Let’s get some things out of the way about Brad Allain and the mushrooms he grows at his small gourmet mushroom farm, Wildwood Mushrooms, in Sutton: No, Brad does not grow mushrooms in his basement (it’s a completely above ground operation housed in the historic Manchaug Mill in the Blackstone Valley). No, his mushrooms do not grow in the dark (only white button mushrooms do – they are basically creminis deprived of light). No, not all mushroom foragers and farmers look like some grizzled woodsman in Wellies (I mean, look at him). And no, sorry Dead fans and anyone else looking to “trip,” Brad does not sell magic mushrooms – his are for culinary journeys not hallucinogenic ones.
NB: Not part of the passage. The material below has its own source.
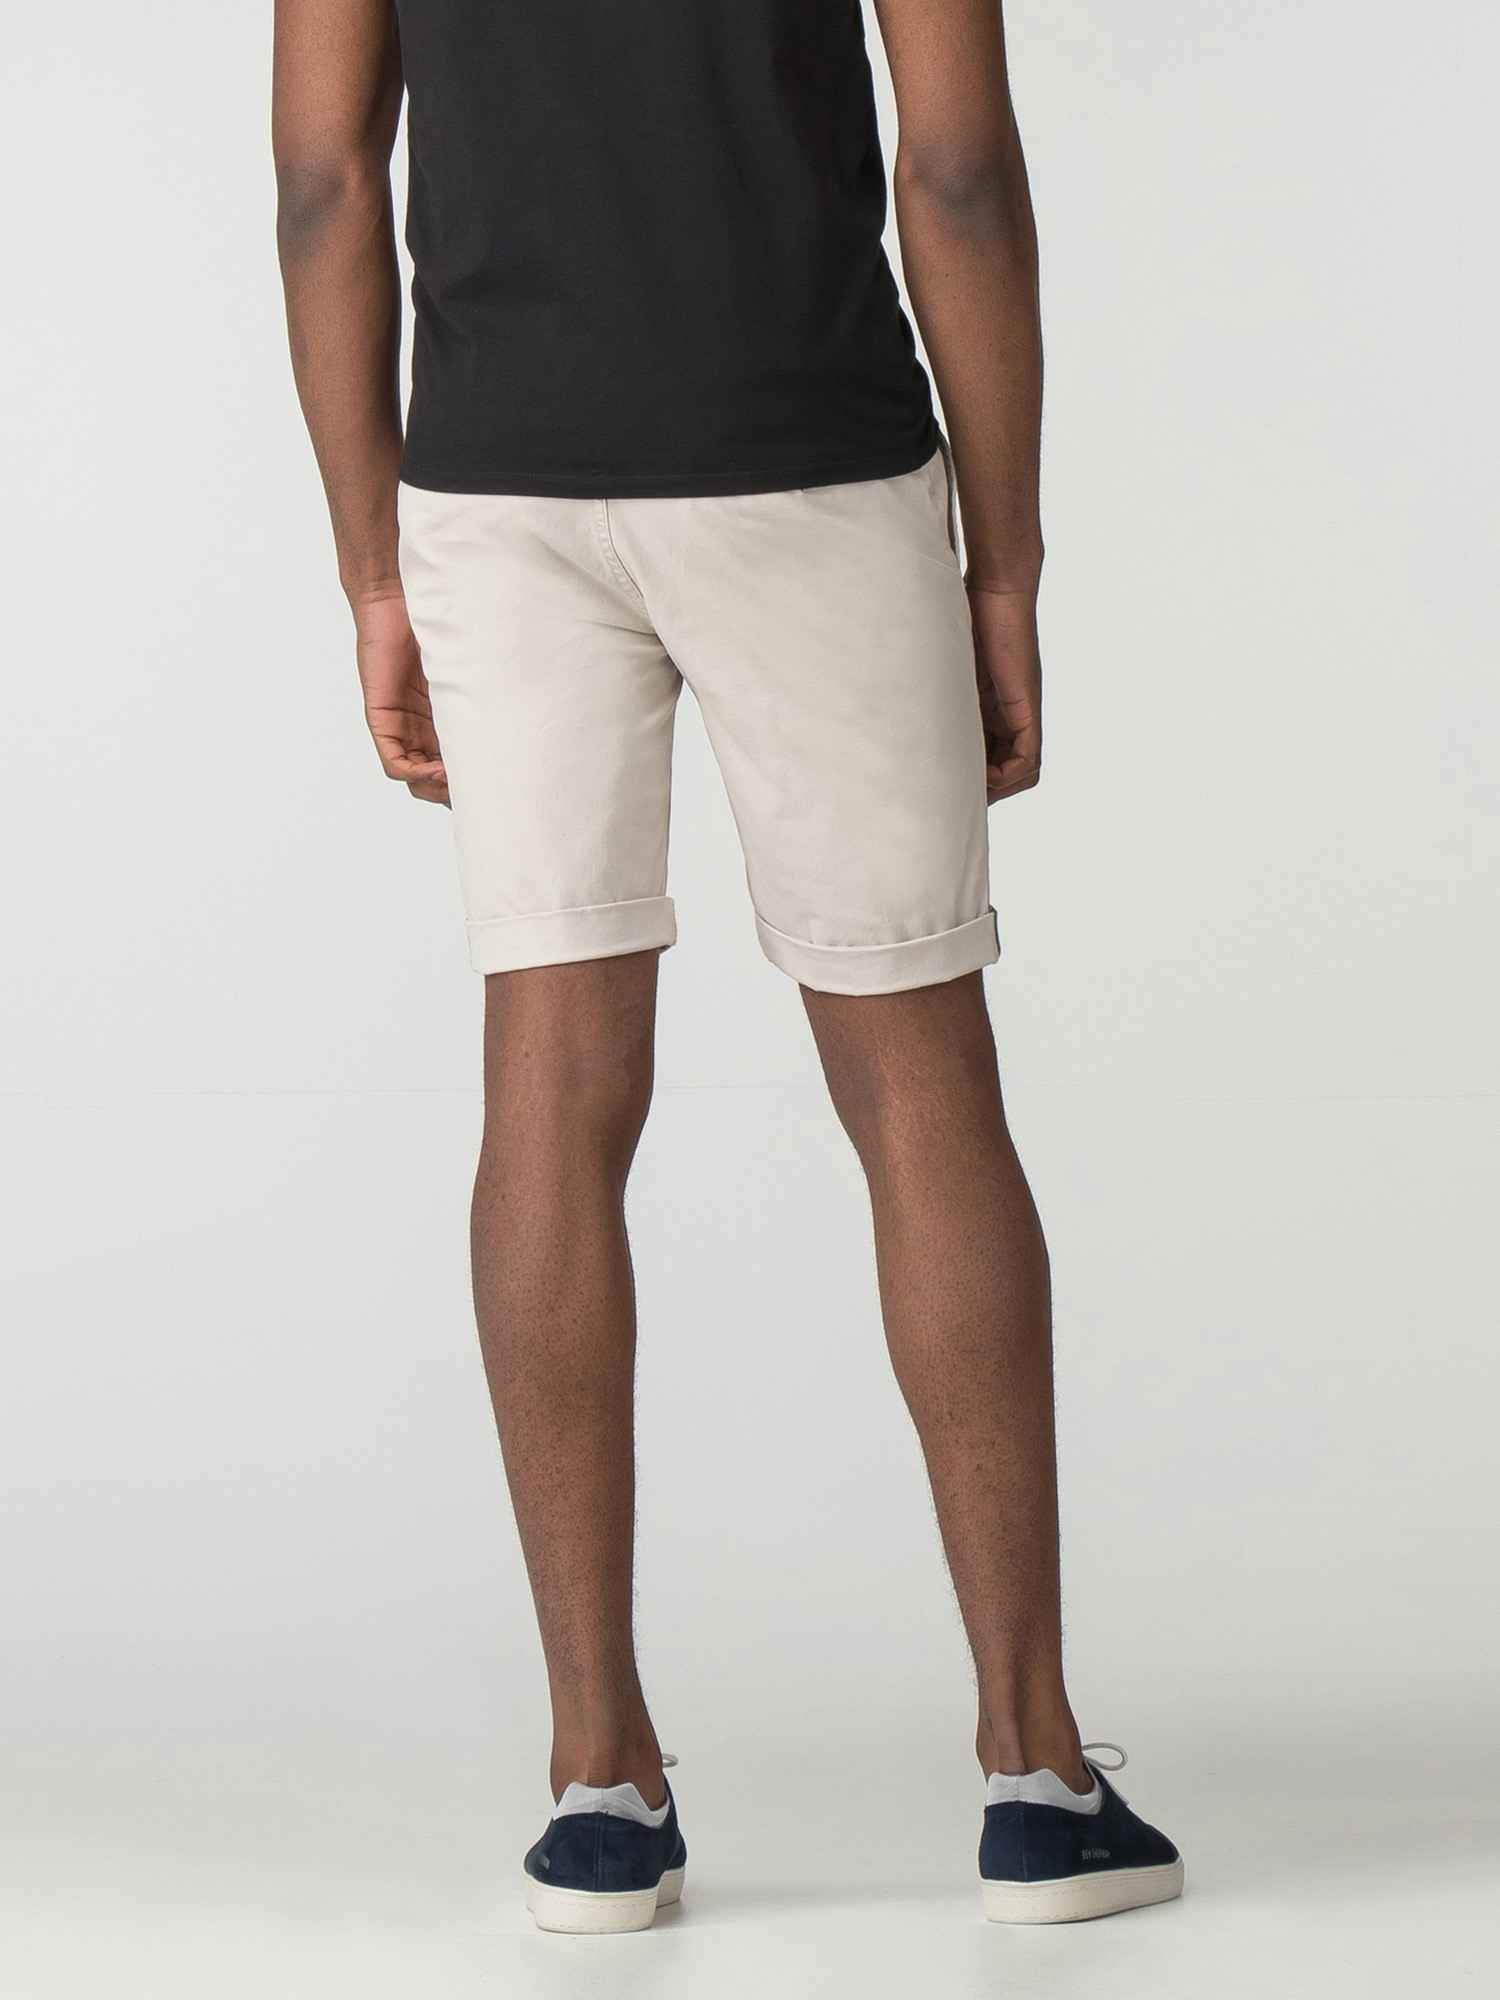 Putty Chino Shorts

Brad Allain of Wildwood Mushrooms of Sutton, MA
Brad Allain of Wildwood Mushrooms of Sutton, MA

That said, one bite and Brad’s mushrooms will blow your mind.

Don’t take my word for it: taste any of the mycophagous pleasures Jared Forman and Robin Clark of deadhorse hill or Matt Mahoney and Rachel Coit of Kummerspeck or Rob Fecteau of BirchTree Bread create using Wildwood’s mushrooms. They are just some of the chefs and restaurants that have lined up for the exquisite, fresh, local, and uber-tasty mushrooms Brad has produced since he opened in January 2018. Or better yet pick up some mushrooms at the Shrewsbury, Natick, Lexington, and Roslindale farmer’s markets, Whittier Farms in Sutton, Foppema’s Farm in Northbridge, Living Earth in Worcester, and starting this fall at Ed Hyder’s in Worcester and cook up tastiness for yourself.

And don’t stick to the familiar. Shitake may happen but that’s just one of the fungus among us thanks to Wildwood. You really ought to try like lion’s mane, oyster, pioppino, and chestnut. Brad grows 6 to 10 varieties at Wildwood and to create them he must be equal parts farmer, scientist, artist, and detective. Gourmet mushroom growing in general is a craft and replicating it indoors it is even more challenging. The process stretches over weeks and requires several rooms and steps, much of the work customized by Brad.

“Mushroom farming in general is very proprietary, and there are a lot of variables,” Brad says. “That’s why you don’t see a lot of gourmet mushroom farms anywhere. But I’m in love with the process. You have to put it all together in a way that works. You have to know how to read the mushrooms themselves. This whole world is amazing and really piques my interest because it is still so unknown. Even experienced mycologists are learning new things. The intrigue and mystery of the world of fungus is super interesting.”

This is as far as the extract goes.